Active Listening Tips

Active Listening Lead-Ins

To understand another person's feelings and experiences you need to attempt to enter his or her personal frame of reference. However, since it is impossible for you to be the other person, the best you can do is approximate an understanding. Consequently, most Active Listening responses should be tentative, leaving confirmation up to the sender.

It is also helpful to use a variety of expressions when you Active Listen.

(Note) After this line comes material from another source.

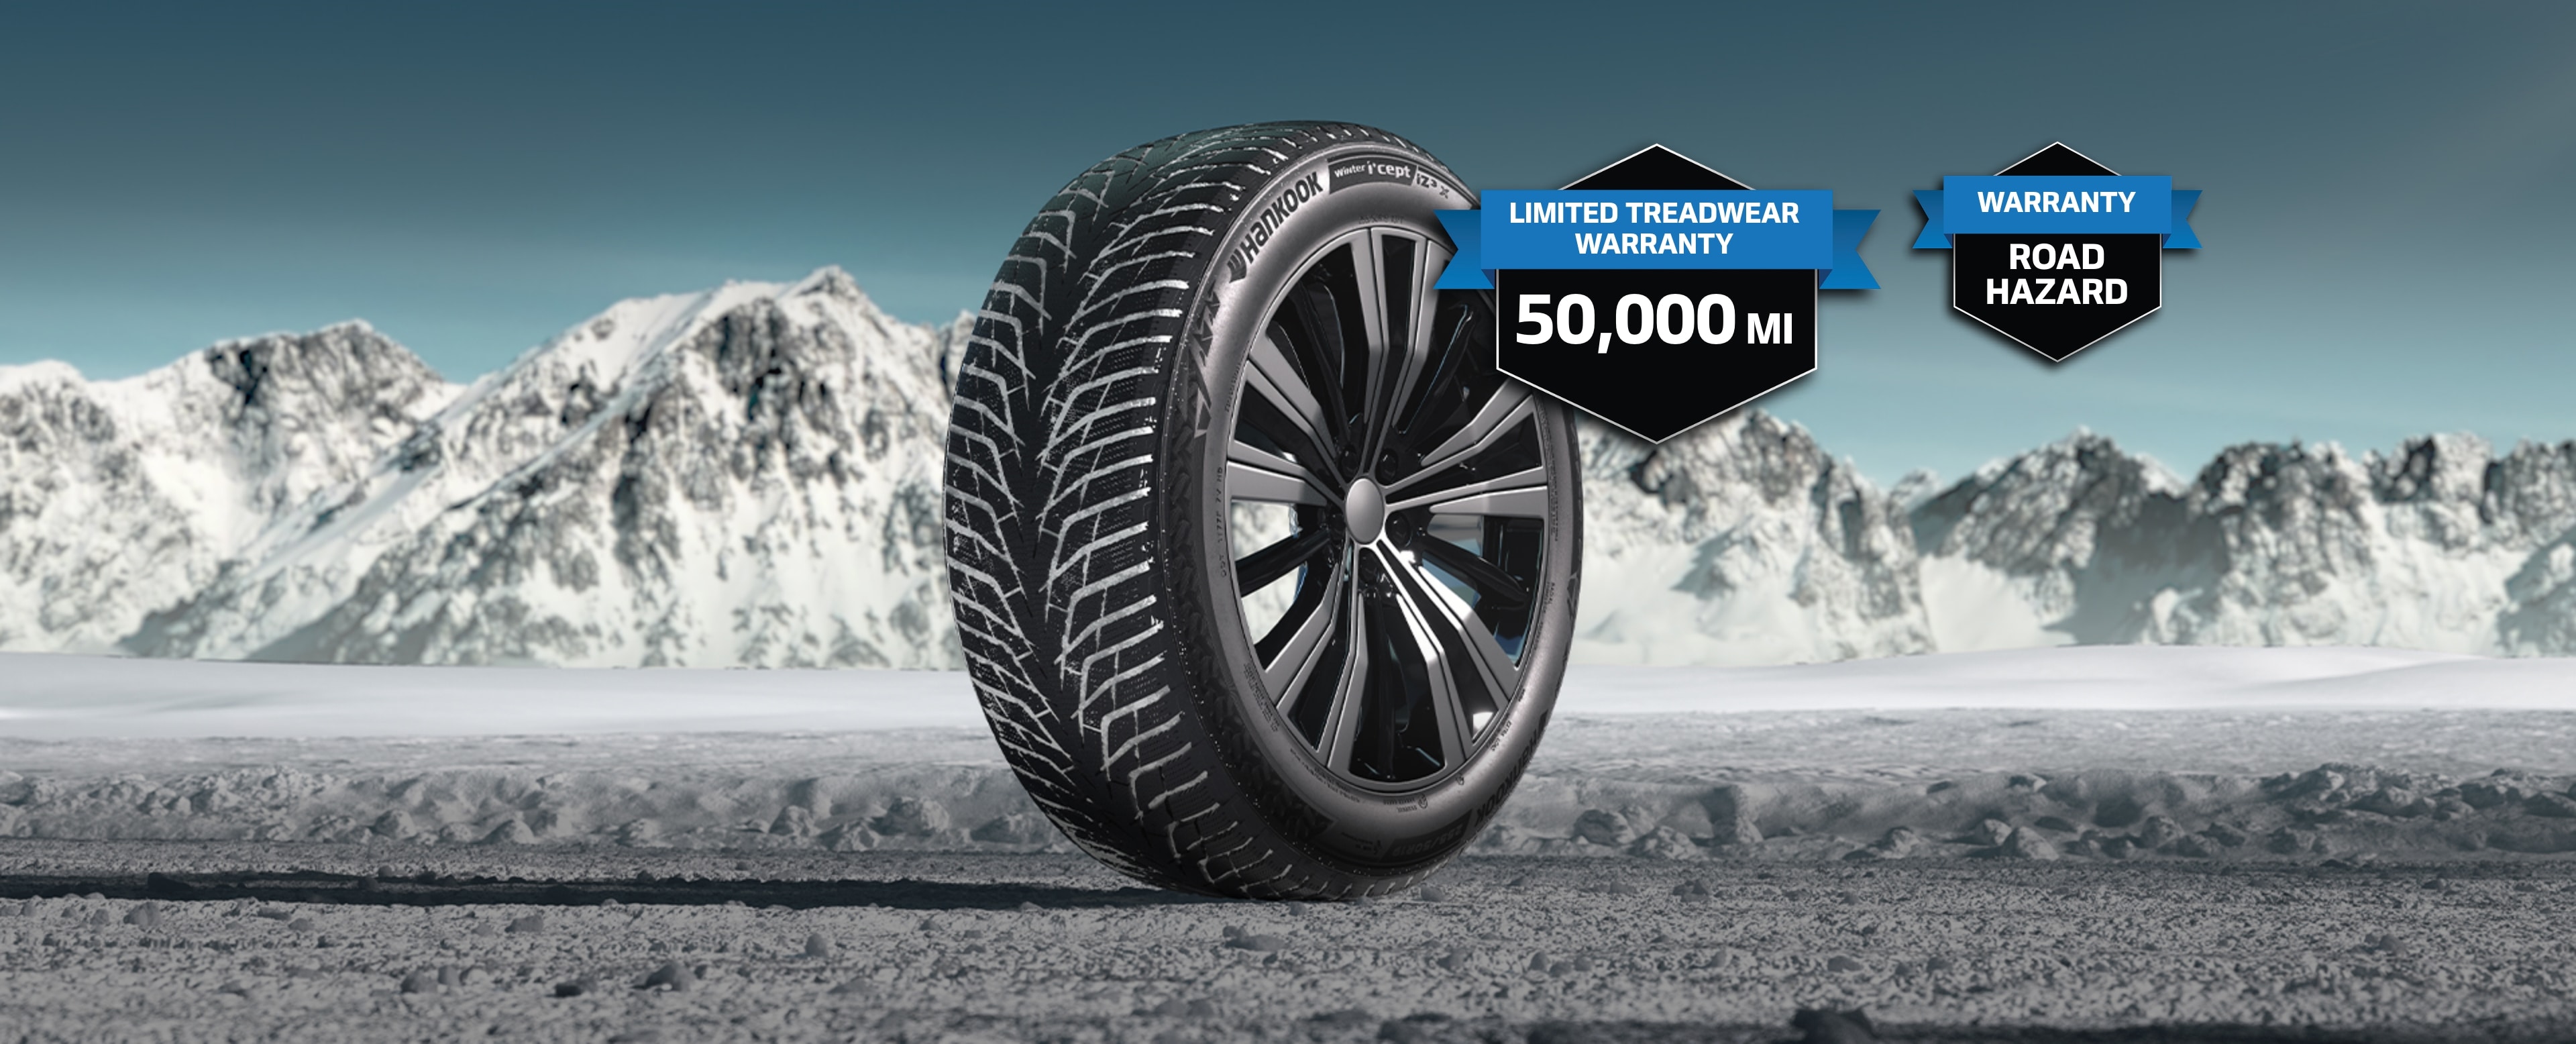 Hankook Tire & Technology-Tires-Winter I Cept-Winter I Cept IZ2-W616-Optimized directional pattern design for maximum studless safety even in the harshest winter conditions

Repetition of one phrase such as "Sounds like you're..." rapidly becomes irritating to the other and communicates the use of a mechanical technique rather than a genuine and empathic response.

Phrases that are useful when you trust that your perceptions are accurate and the sender is receptive to your Active Listening are:

  • You...
  • You feel...
  • Sounds like you're...
  • From your point of view...
  • It seems to you that...
  • As you see it...
  • You think...
  • You believe...
  • You're... (identify the feeling; for example, angry, sad, overjoyed)
  • I really hear you saying that...
  • You mean...

Phrases that are useful when you are having some difficulty perceiving clearly, or when it seems that the sender might not be receptive to your Active Listening:

  • I wonder if...
  • I'm not sure if I hear you, but...
  • Correct me if I'm wrong, but...
  • Is it possible that...?
  • Maybe you feel...
  • Is this what I hear you saying...?
  • Does it sound right that you...?
  • You appear to be feeling...
  • Let's see if I understand you...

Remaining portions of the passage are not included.